How are read-only requests handled specially?  (p. 5)
  Primary can reply immediately without talking to backups
  "they are serialized at the CP"--why?
    Anything past CP might not complete successfully after view change
      E.g., backup never heard of it, then formed view with witness
      Meanwhile client timed out and gave up
    Don't want to show clients a write that never happened!
  But what if backup and witness already formed a new view?
    Primary of old view could violate linearizability--how?
      New view could complete a write operation
      Meanwhile, primary of old view replies to read request with stale data
    How to avoid?  Assume roughly synchronized clocks for primary lease
      Backups promise not to form new view for delta milliseconds

Is reading a file a read-only file system operation?
  Not technically, because you are supposed to update the atime
  But maybe we don't care if atime not updated in exceptional circumstances
  So Harp offers a second "weaker" mode of operation
    Allows small chance that atime update could get lost with failure

Is the file system VFS layer a deterministic replicated finite state machine?
  I.e., apply same operation on two identical file systems, get same result?
  No, because file times may not be identical
  How does Harp address?  change VFS to allow caller to specify mtime (p. 9)

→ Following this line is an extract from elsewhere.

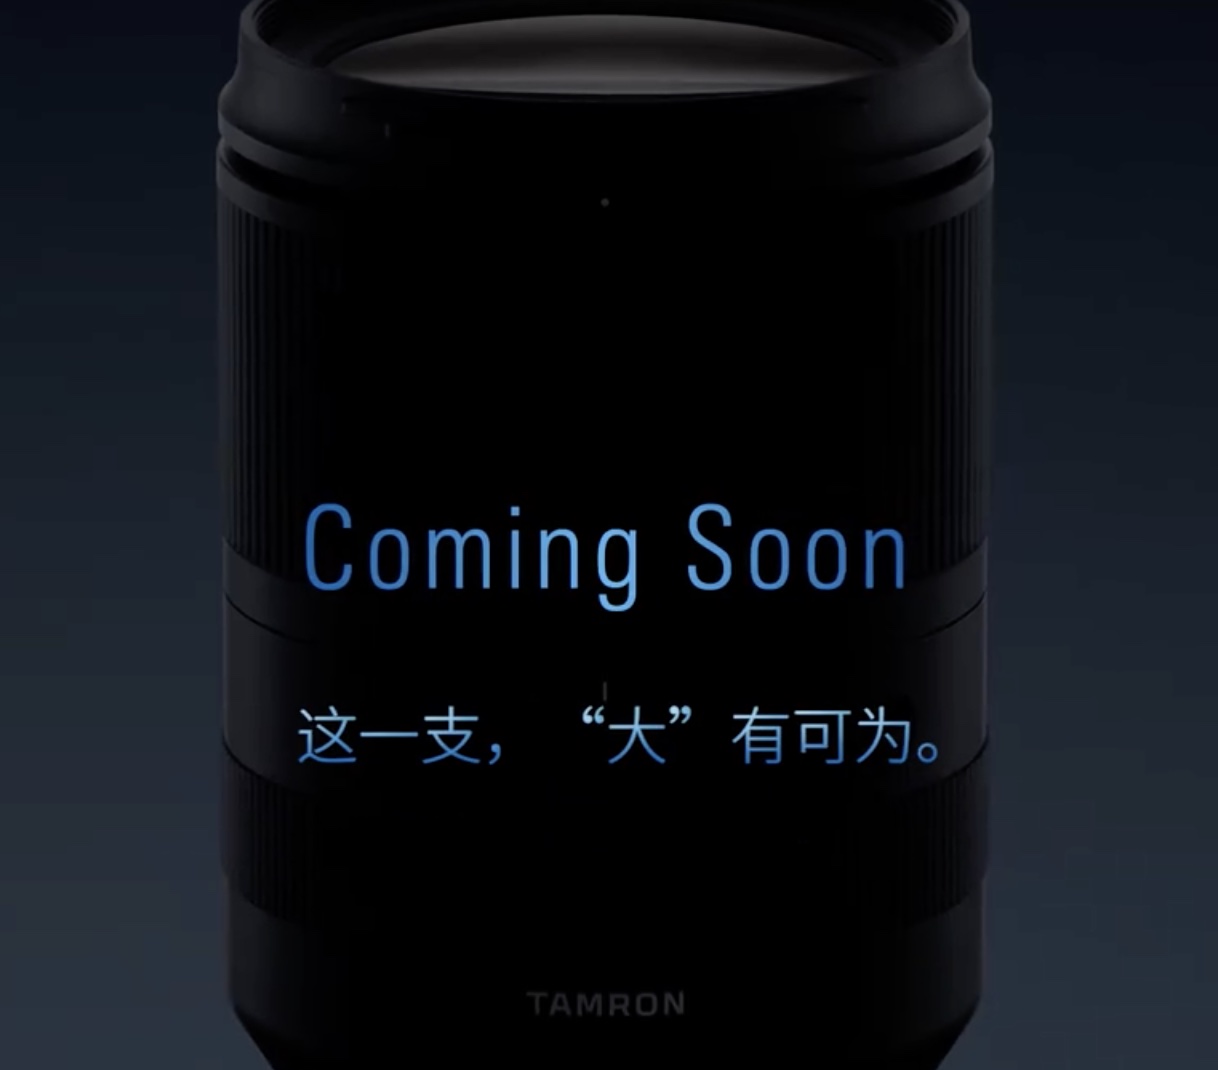 Tamron sắp sửa ra mắt ống kính mới dành cho máy ảnh Sony ngàm E

What's in an event record (Sec 4.4-4.5)?
  A call to execute on the file system state
  Enough information to describe the "outcome" of the call completely
  Why is this tricky for file permissions?
    E.g., write A (permission denied), chmod A
    If you replay this log a second time, get different result
  Why is this tricky for file creation (Sec 4.4, p. 8)?
    Directory state is more than just file name -> inode mapping
      At the time, you could read raw directory structures with "cat /dir/"
      Even today, files stored in a particular order
      Cookies/offsets used to encode entry positions
      All of these things depend on order of directory operations
        create B, create A, unlink A, create A, unlink B
                                != unlink A, create A, unlink B
        Replay just the last 3 and will get different result
    Note simpler example might just be inode number
  Multiple things could go wrong here:
    Harp has to reply to requests at CP, not AP
      So needs to be able to predict outcome before applying event record
    Harp must ensure backups maintain identical state
  What's the solution?
    Keep shadow state for inodes and directory pages (Sec 4.4, p. 9)
    Also presumably need to bypass VFS layer for directory ops as well

Why is fsck a problem? (Sec. 4.3, p. 8)
  Completely messes up outcomes like position in directory entry

How to organize multiple file systems with Harp?
  Spread the load so nodes are primary, backup, witness for different FSes

What happens to duplicate RPCs (same xids, Sec. 4.5)?
  In single NFS server, should cache reply to avoid re-executing
  Harp must embed RPC xids in replies so new primary can build replay cache

What is comparison point for evaluation?  Single NFS server
  Is this a fair comparison point?
    Could also have compared to single NFS server with UPS hack
  Pro argument:  People tolerate existing NFS performance
    Harp shows availability/reliability is possible at existing performance
    Don't need to beet hypothetical world's fastest NFS server to be useful
  Con argument:  Maybe the UPS story is scary
    What if UPS fails and you don't learn until it's too late?
    What if log somehow corrupted during a reboot?
    Today's datacenters do often have UPSes, so in retrospect looks okay

Why graph x=load y=response-time?
  Why does this graph make sense?
  Why not just graph total time to perform X operations?
  One reason is that systems sometimes get more/less efficient w/ high load.
  And we care a lot how they perform w/ overload.

Why does response time go up with load?
  Why first gradual...
    Queuing and random bursts?
    And some ops more expensive than others, cause temp delays.
  Then almost straight up?
    Probably has hard limits, like disk I/Os per second.